I'm sorry you were so offended by my statements. I only briefly
mentioned Warsaw as I did not have any good information at hand to
further clarify on it. And for this reason I should not have said that
there was house to house fighting in Warsaw, my mistake. I stuck
mostly with mentioning the conditions with the bombing of Rotterdam
instead. However, I understand that there are many sources that exist
which blatently contradict themselves on topics such as these. I would
still like to quote three sources I found with a quick search off the
internet.(no books as I am not at home to cite them)
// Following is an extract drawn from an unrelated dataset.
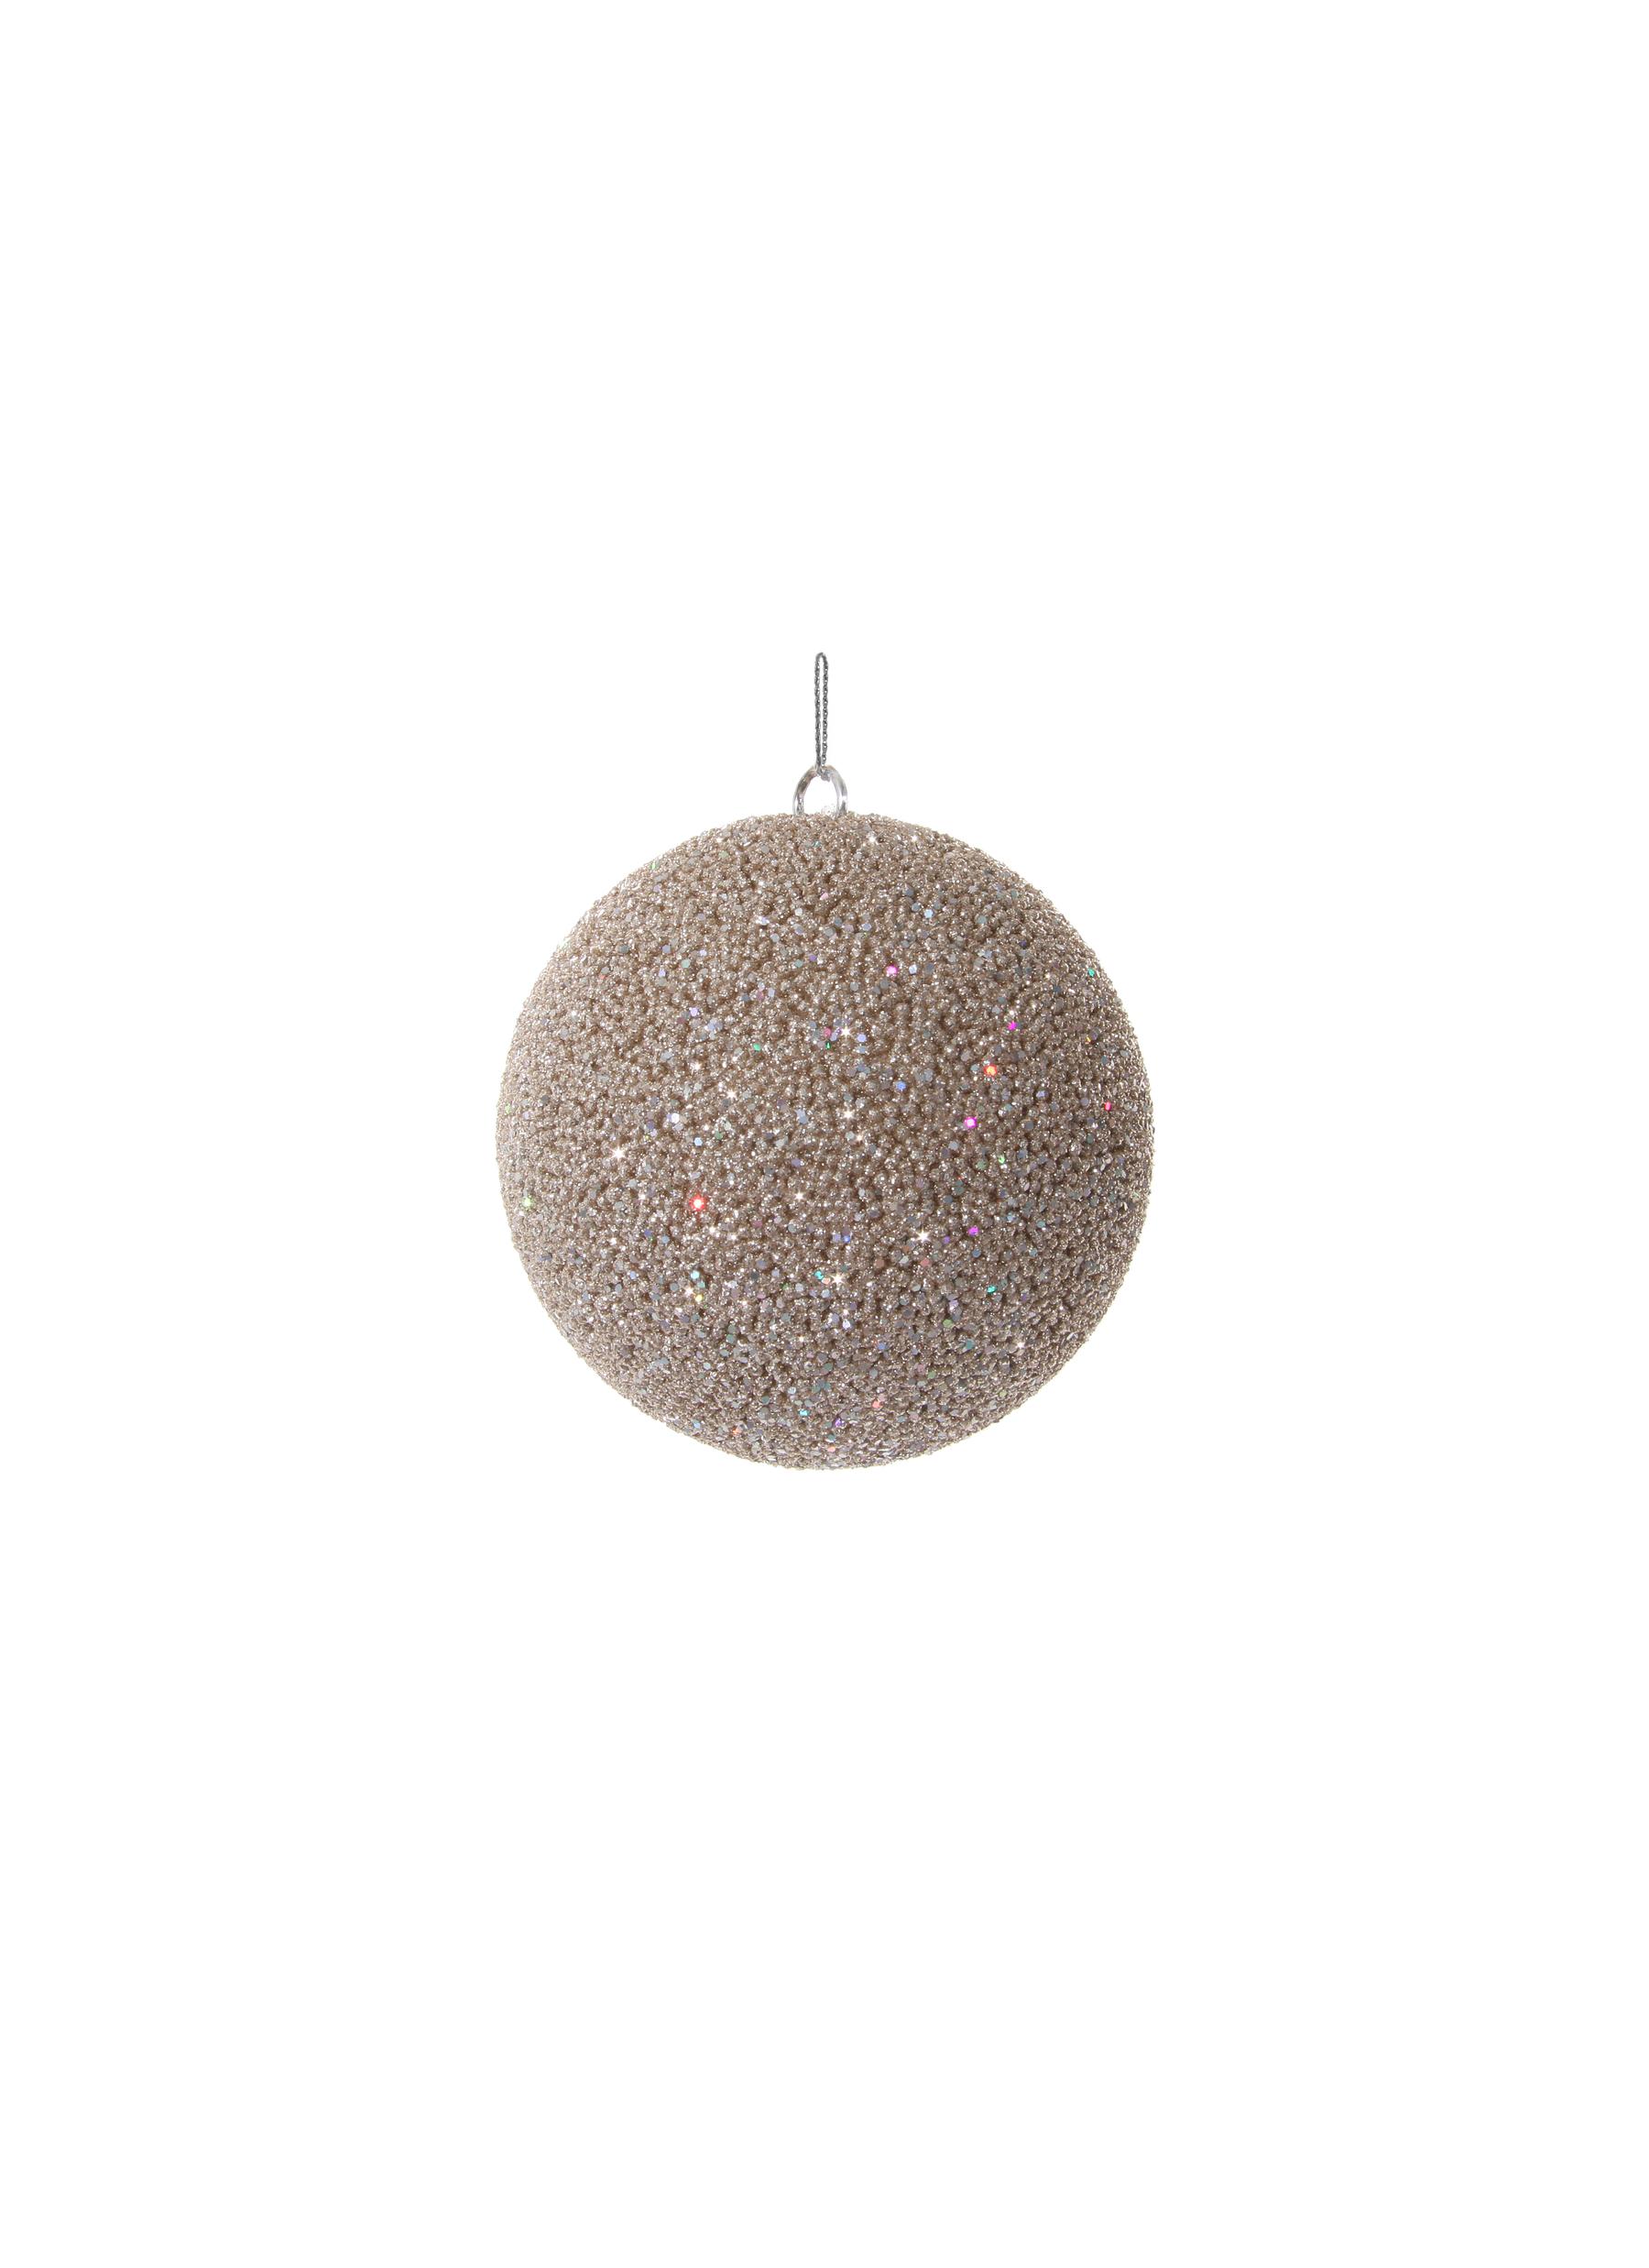 Shishi Bead Glass Ball Christmas Ornament
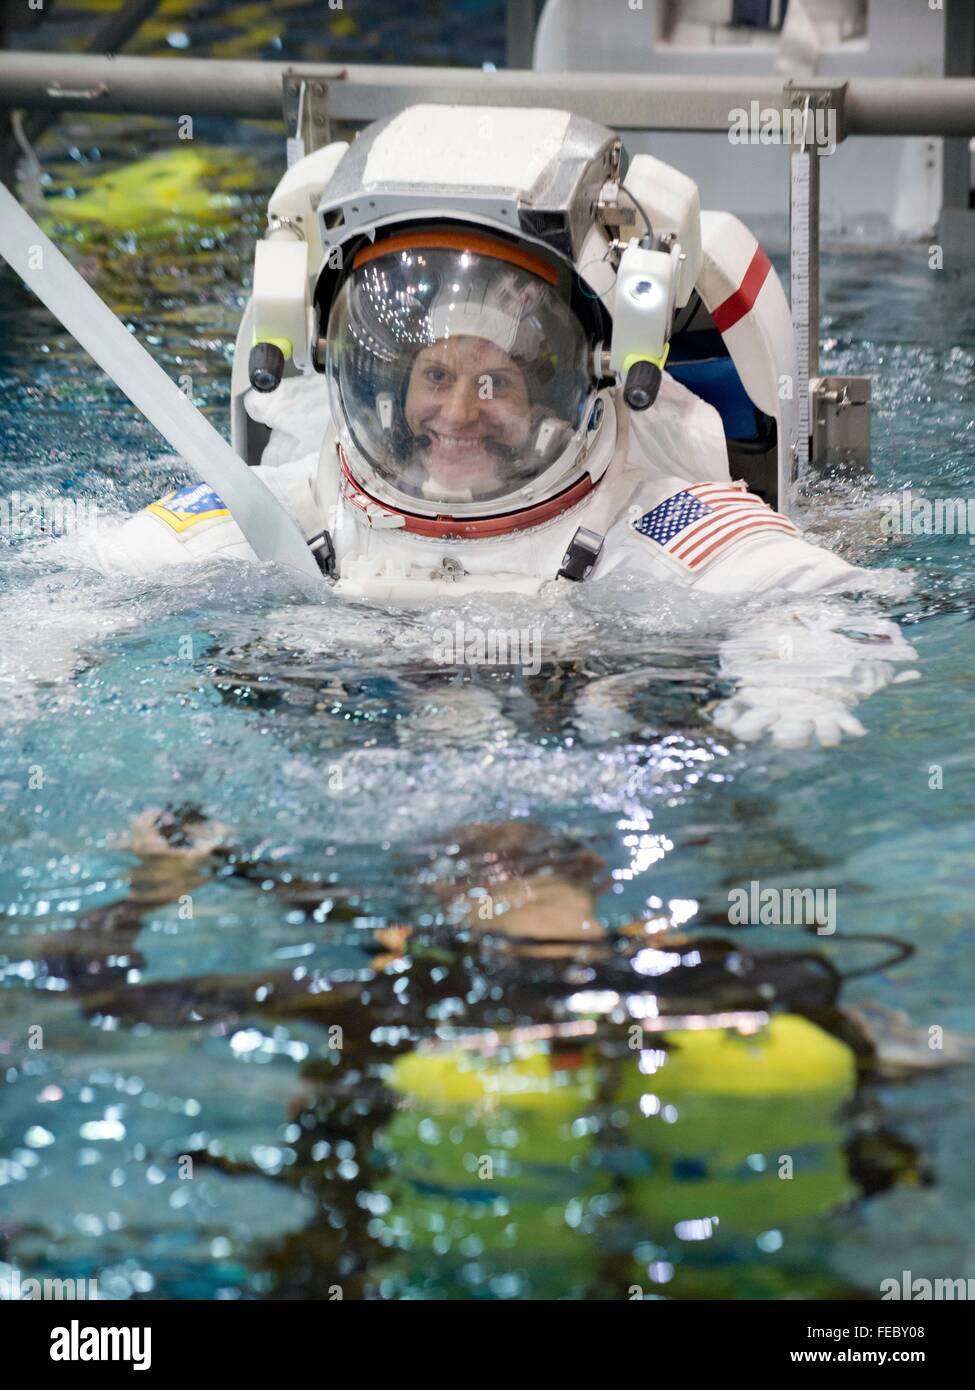 L'astronaute de la NASA Kate Rubins durant la formation avec l'EVA spacesuit dans le bassin au Centre spatial Johnson NBL 23 octobre 2015 à Houston, Texas. Rubins lancera avec le cosmonaute russe Anatoly Ivanishin et astronaute de l'Agence japonaise d'exploration aérospatiale Takuya Onishi à la Station spatiale internationale comme l'équipage Expedition 48/49 le 21 juin 2016. Banque D'Images

1. http://www.nizkor.org/hweb/imt/tgmwc...08-77-06.shtml

From the Nuremberg Trials...see link for more citation info:

Q. "You never saw any such reactions on their part on these bombings
[Warsaw, Rotterdam, and Coventry], I take it?"

A. "I only know that Warsaw was a fortress which was held by the
Polish Army in very great strength, provided with excellent pieces of
artillery, that the forts were manned, and that two or three times
Adolf Hitler announced that the city should be evacuated by civilians.
That was refused. Only the foreign embassies were evacuated, while an
officer with a flag of truce entered. The Polish Army was in the city
defending it stubbornly in a very dense circle of forts. The outer
forts were very strongly manned and, from the inner town, heavy
artillery was firing towards the outskirts. The fortress of Warsaw was
therefore attacked, also by the Luftwaffe, but only after Hitler's
ultimatum had been rejected."


How about this, a German General at the war crimes hearings
says he thought the air operations against Warsaw were military
only.

13 September 1939, the Luftwaffe bombing of north Warsaw,
operation Wasserkante, 50 50 incendiary/high explosive mix,
targets may have included the ghetto. This raid had been
intended for 1 September as part of the initial strikes but delayed
to the second half of the day, then the second day. It was put
back on the agenda by the Luftwaffe as a reprisal for claimed
Polish crimes. On 11 September Hitler demanded Warsaw be
bombed on the 12th, a days delay was subsequently granted.
About 183 bomber sorties, there is evidence the middle ranking
officers changed some of the targets from those chosen by the
Generals to more military ones.

Then for the siege of Warsaw,

Low cloud restricted operations on 23 September as the air
attacks began.

25 September 1939, Luftwaffe attack on Warsaw although the
official targets were meant to be military, the attack method
included Ju52s with men literally shovelling incendiaries out
of the door. Some 40,000 Polish deaths in Warsaw with 10%
of buildings destroyed and 40% heavily damaged due to air
strikes. Note this second strike was so inaccurate some
incendiaries fell amongst the German troops whose
commander asked for the bombing to stop, Hitler ordered
them to carry on. The smoke from the fires was also hampering
the artillery. Some 1,150 bomber sorties dropping 560 tonnes
of high explosive and 72 tonnes of incendiaries on this day.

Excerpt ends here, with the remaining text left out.